# Your instructions
Output every line below as it stands, dropping only the images.
------ Data extract
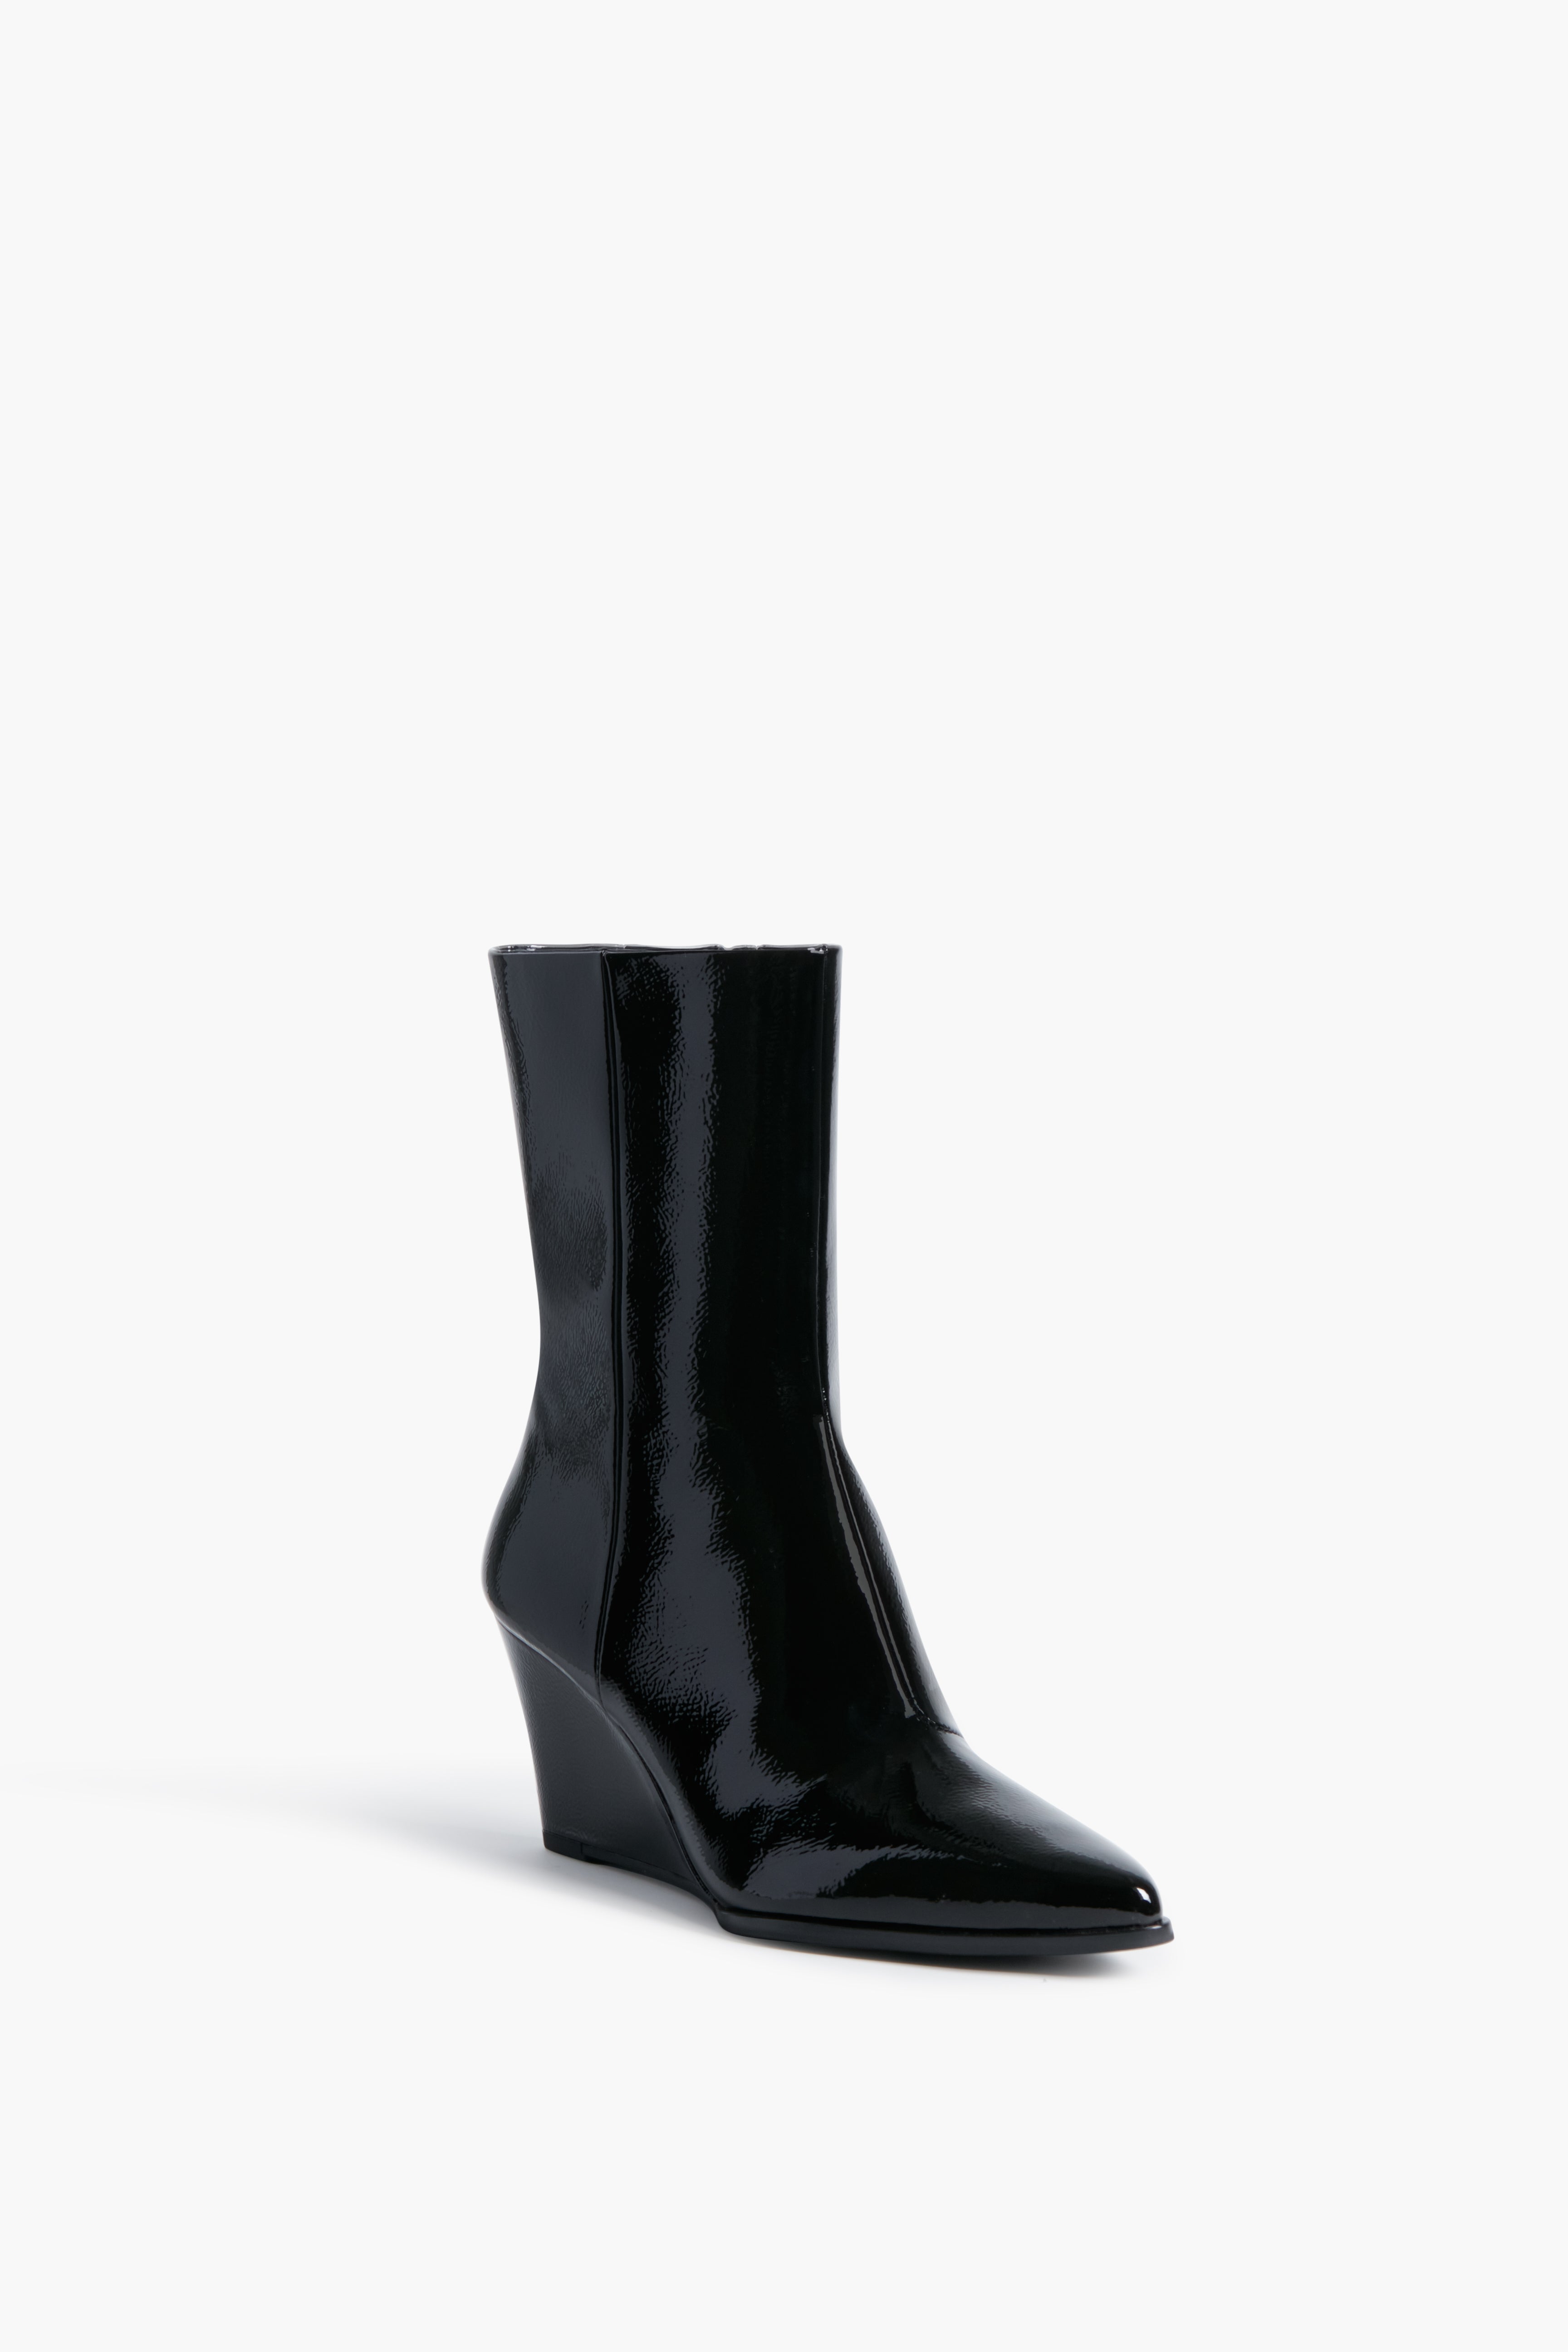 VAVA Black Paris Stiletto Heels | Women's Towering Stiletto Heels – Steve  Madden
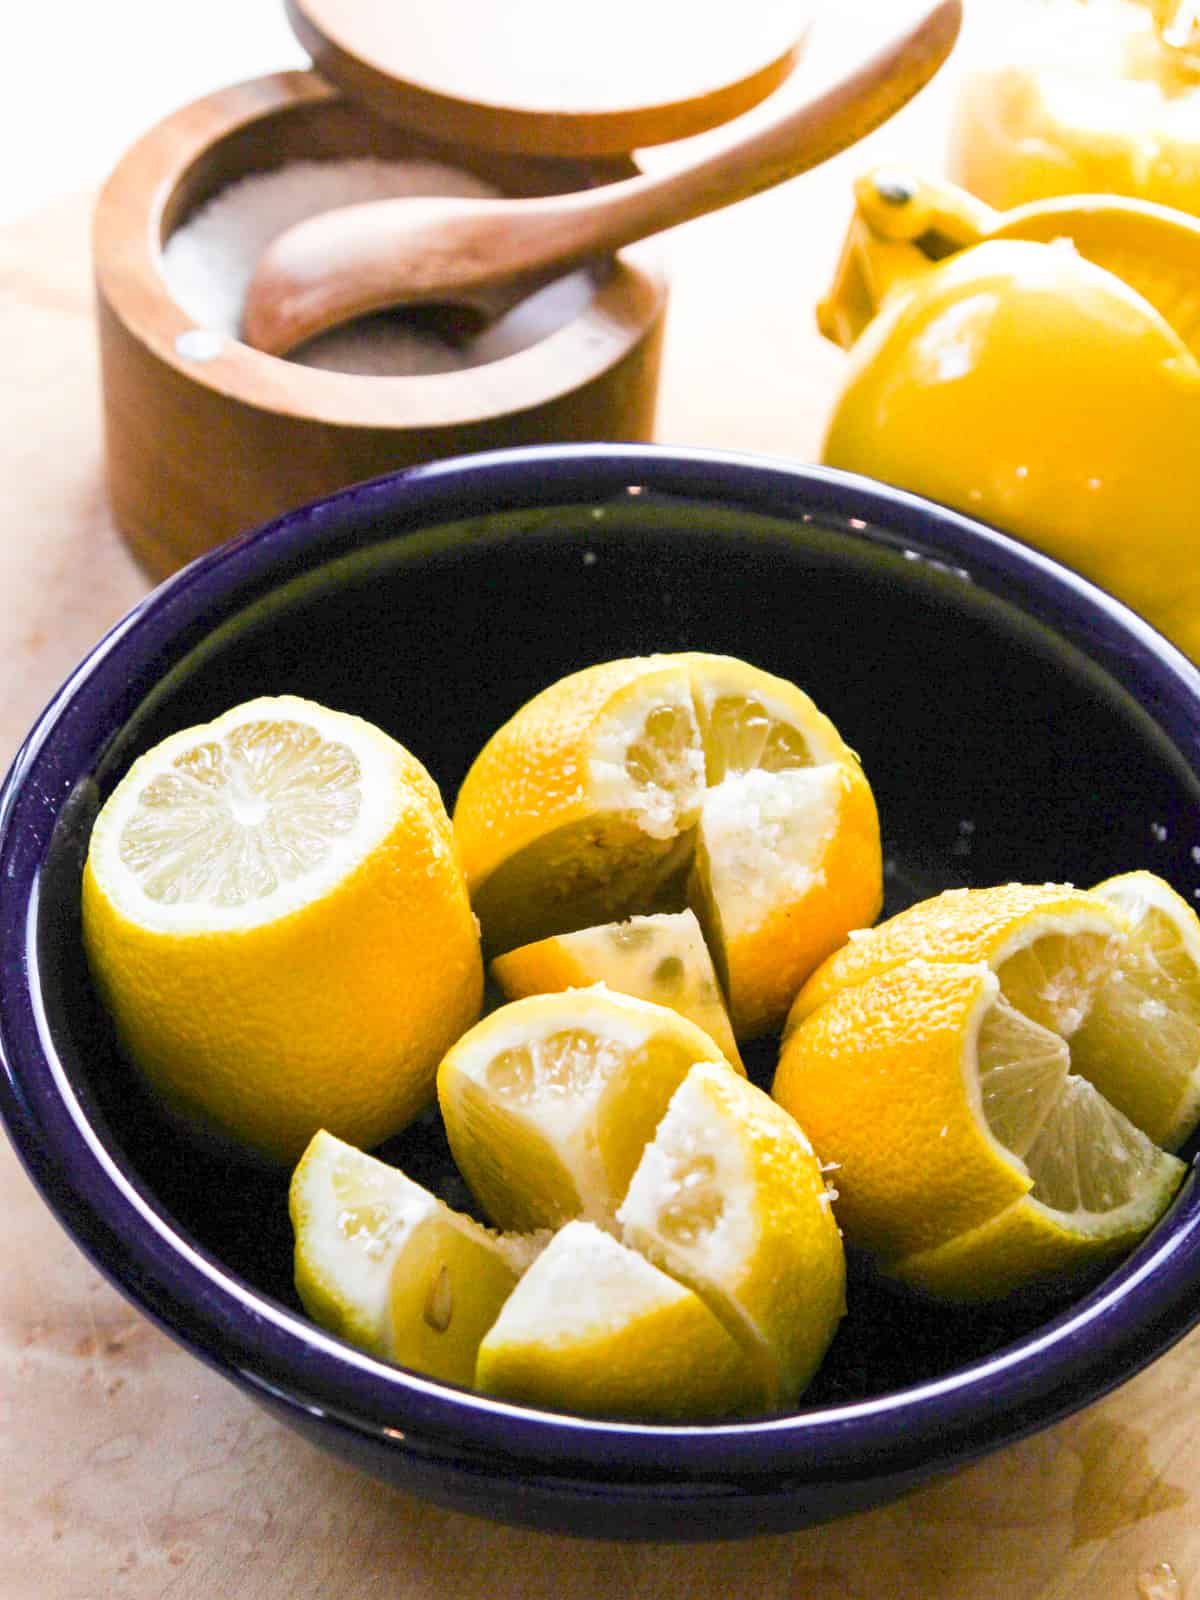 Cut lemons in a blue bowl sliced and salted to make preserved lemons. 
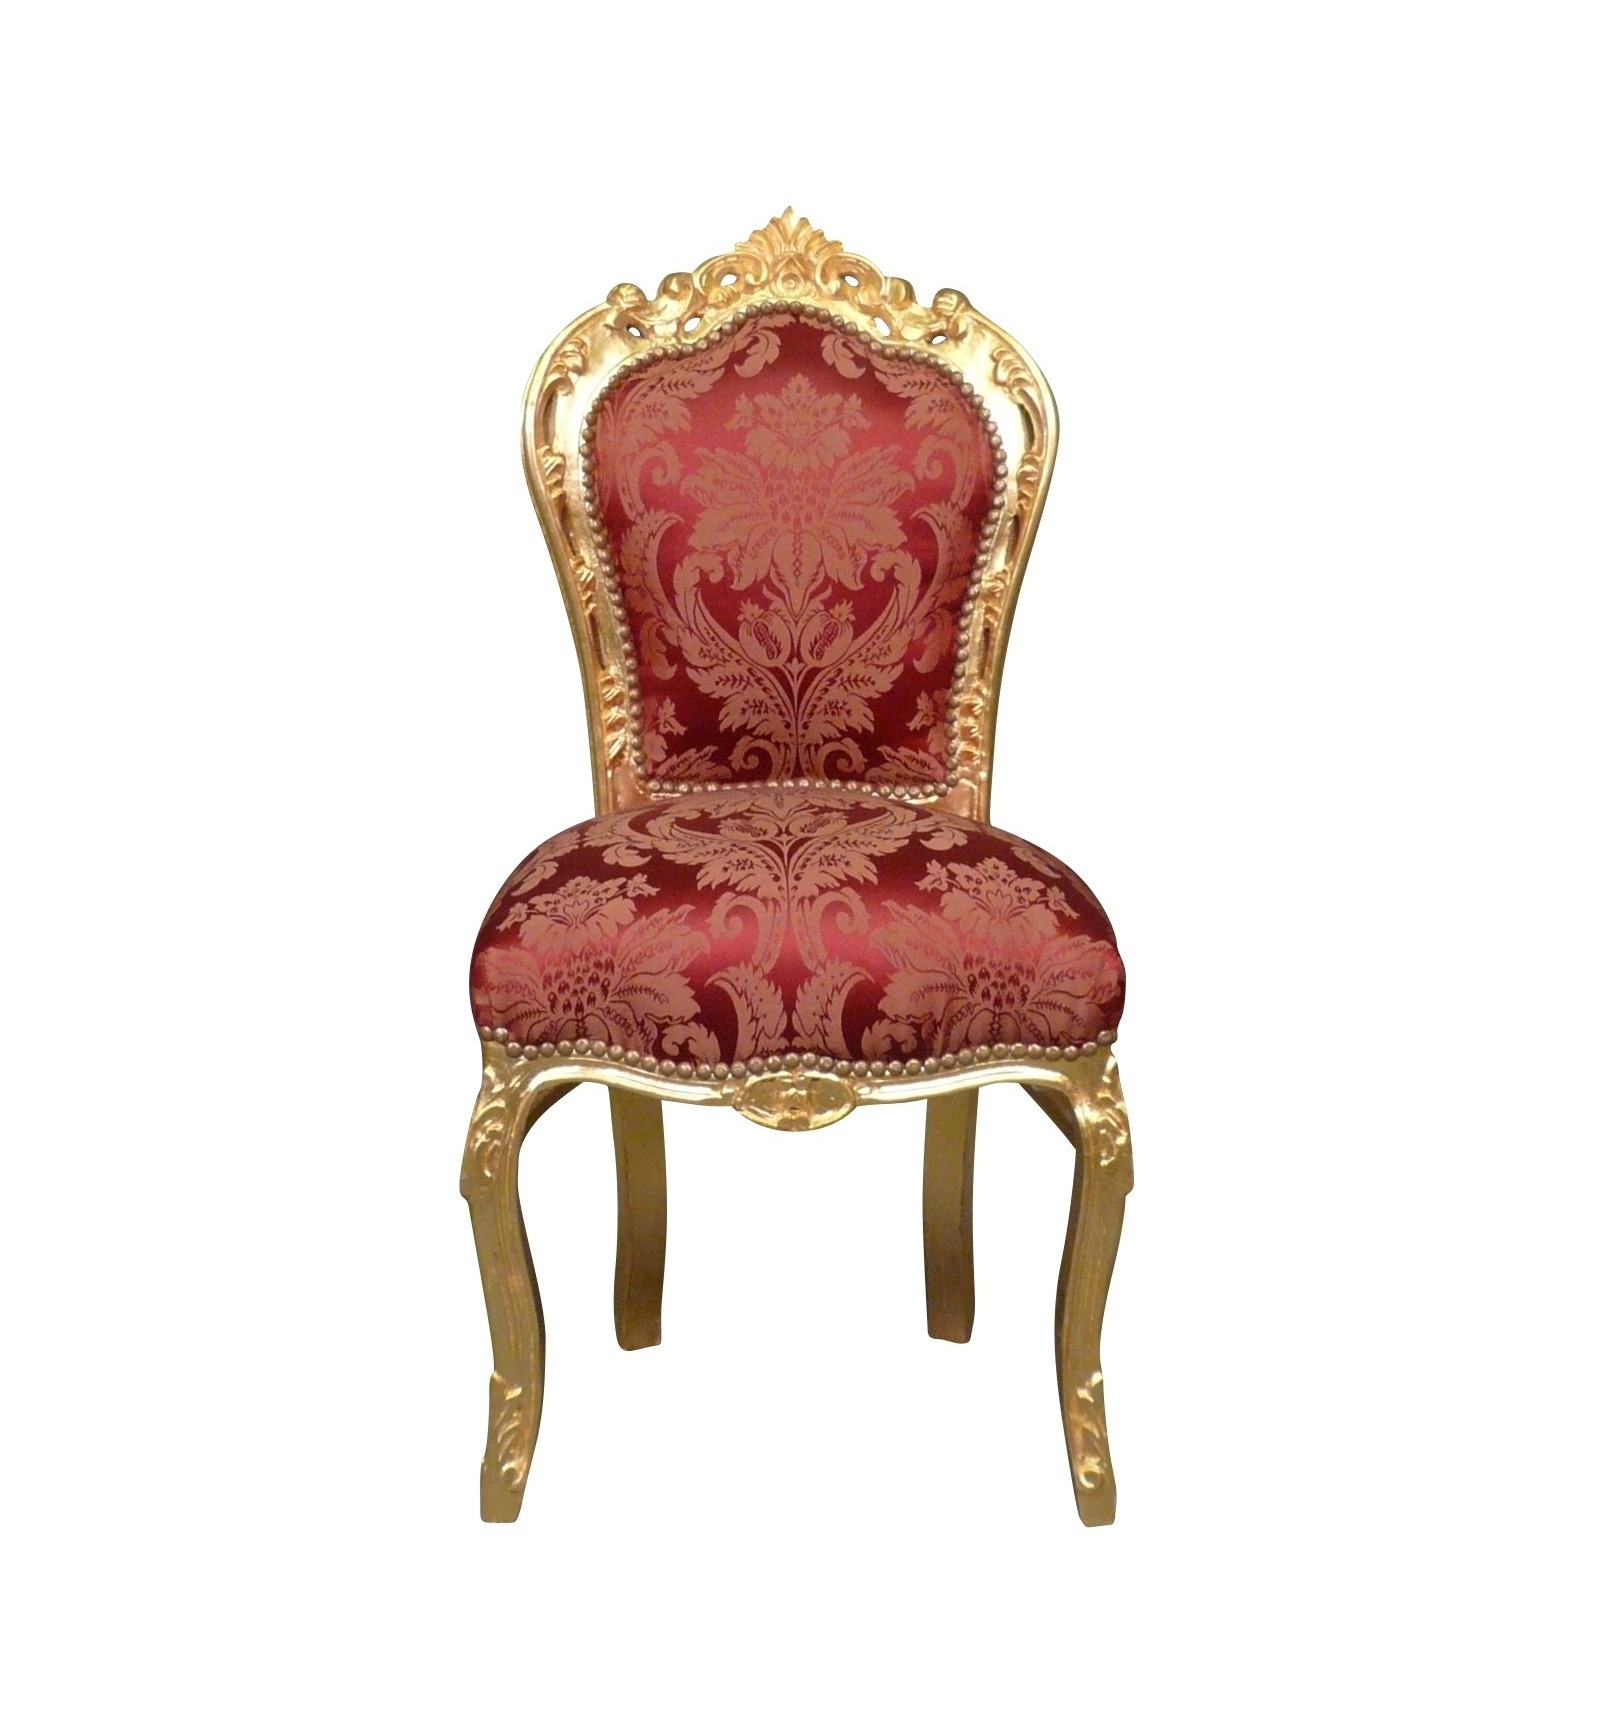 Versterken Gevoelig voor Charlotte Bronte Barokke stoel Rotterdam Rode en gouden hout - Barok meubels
------------
# Solution for this exercise
 VAVA Black Paris Stiletto Heels | Women's Towering Stiletto Heels – Steve  Madden
 Cut lemons in a blue bowl sliced and salted to make preserved lemons. 
 Versterken Gevoelig voor Charlotte Bronte Barokke stoel Rotterdam Rode en gouden hout - Barok meubels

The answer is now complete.